What is a normal blood glucose level? Pancreatic islets are programmed to know the answer, but that answer differs from species to species. What’s more, the original programming remains, even when the islets are transplanted from one species to another.
If, for example, pancreatic islets are transplanted from humans to mice, they continue to dictate the blood glucose levels that are normal for humans. That means the islet acts as a “glucostat.” Similar to a thermostat that works to maintain the same temperature in a home, a glucostat keeps glucose levels within a normal range for any given species.
This surprising finding, uncovered by researchers at the University of Miami Miller School of Medicine, helps explain which cellular functions can go awry in people living with diabetes. It also has important implications for treatment and research.
The Miller School investigators, collaborating with colleagues in Sweden, made this discovery by transplanting pancreatic islets from different species into diabetic and non-diabetic mice.
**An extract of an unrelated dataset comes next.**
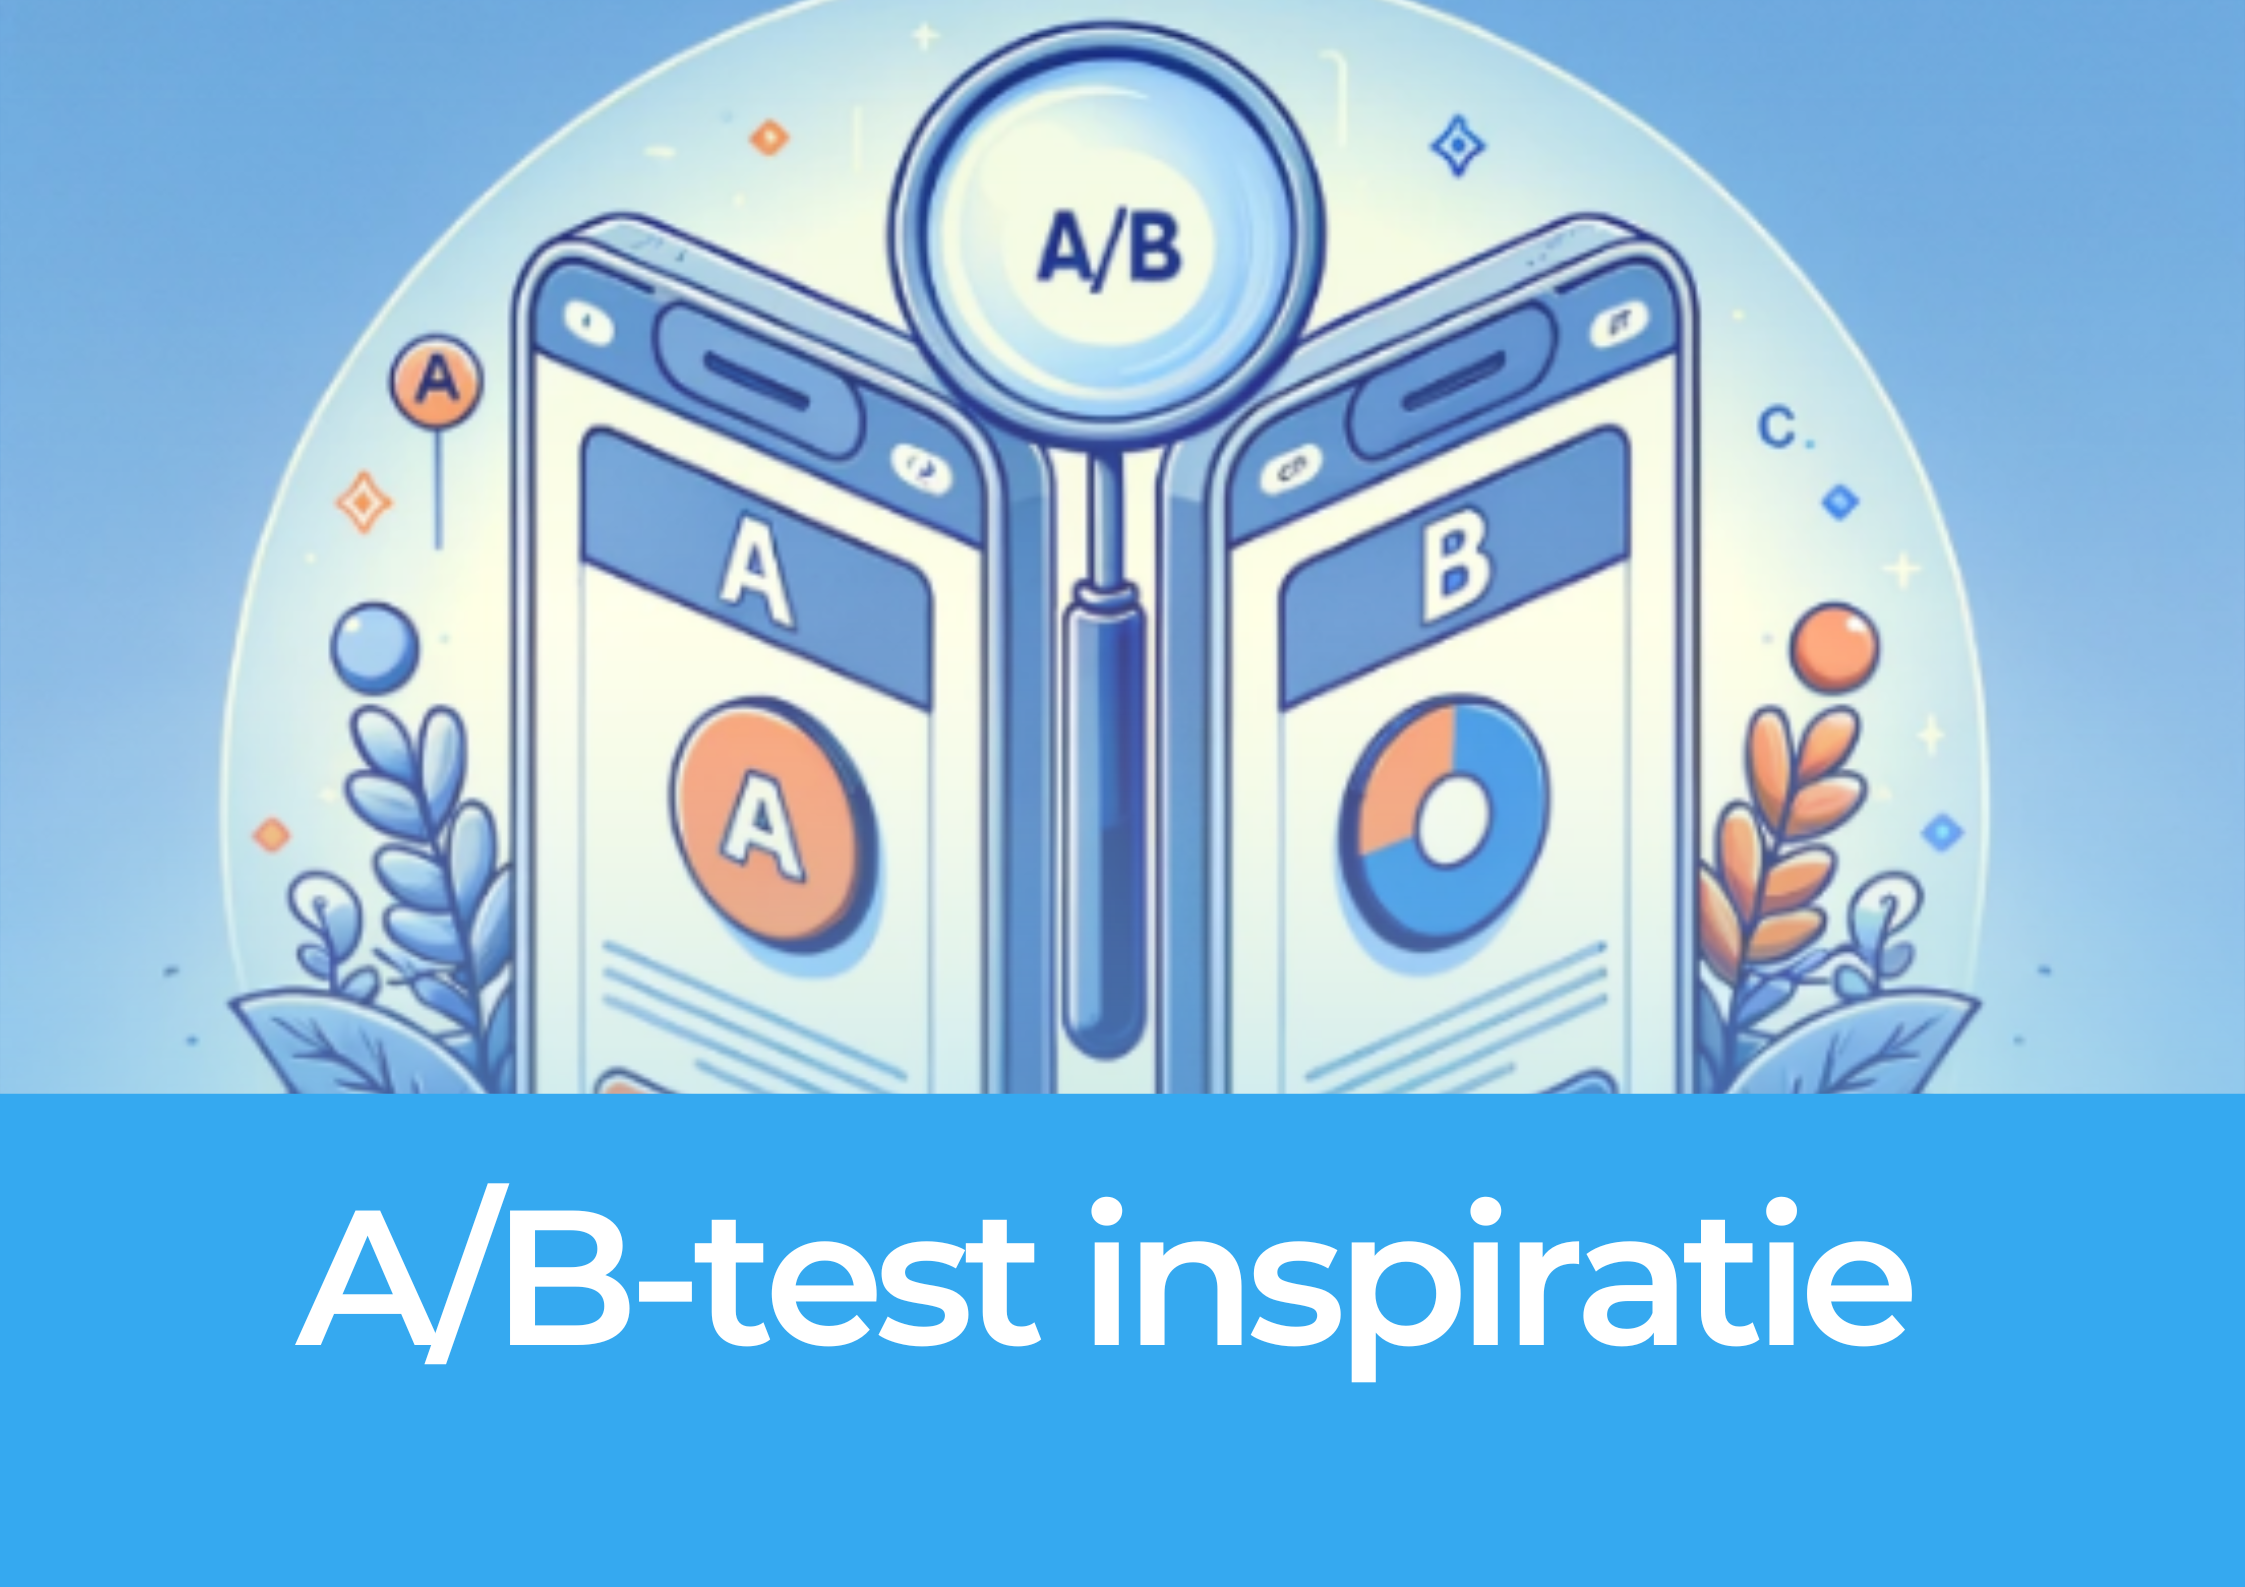 A/B-test inspiratie

They then measured glycemia and glucose tolerance in the recipient mice.
Their findings were published in an article, “Paracrine Interactions within the Pancreatic Islet Determine the Glycemic Set Point,” in the journal Cell Metabolism.
A second important discovery is that the beta cells in the pancreas — the only cells in the human body that make and secrete insulin — do not act alone. Other endocrine cells in the pancreatic islet are part of an intricate production that help the human body sustain its “glycemic set point” — or normal blood glucose level.
“The islet imposes its glycemic set point on the organism, making it the bona fide glucostat in the body,” said lead study author Rayner Rodriguez-Diaz, Ph.D., research assistant professor of medicine.
He and his colleagues demonstrated that interventions that only target beta cells are therefore likely missing the full picture.
“These findings impact transplantation and regenerative approaches to treat diabetes,” Rodriguez-Diaz said. “Furthermore, therapeutic strategies using glucagon receptor antagonists to reduce high blood glucose in diabetics need to be reassessed, as they may negatively impact the function of the cells that produce insulin, the hormone diabetic patients need the most.”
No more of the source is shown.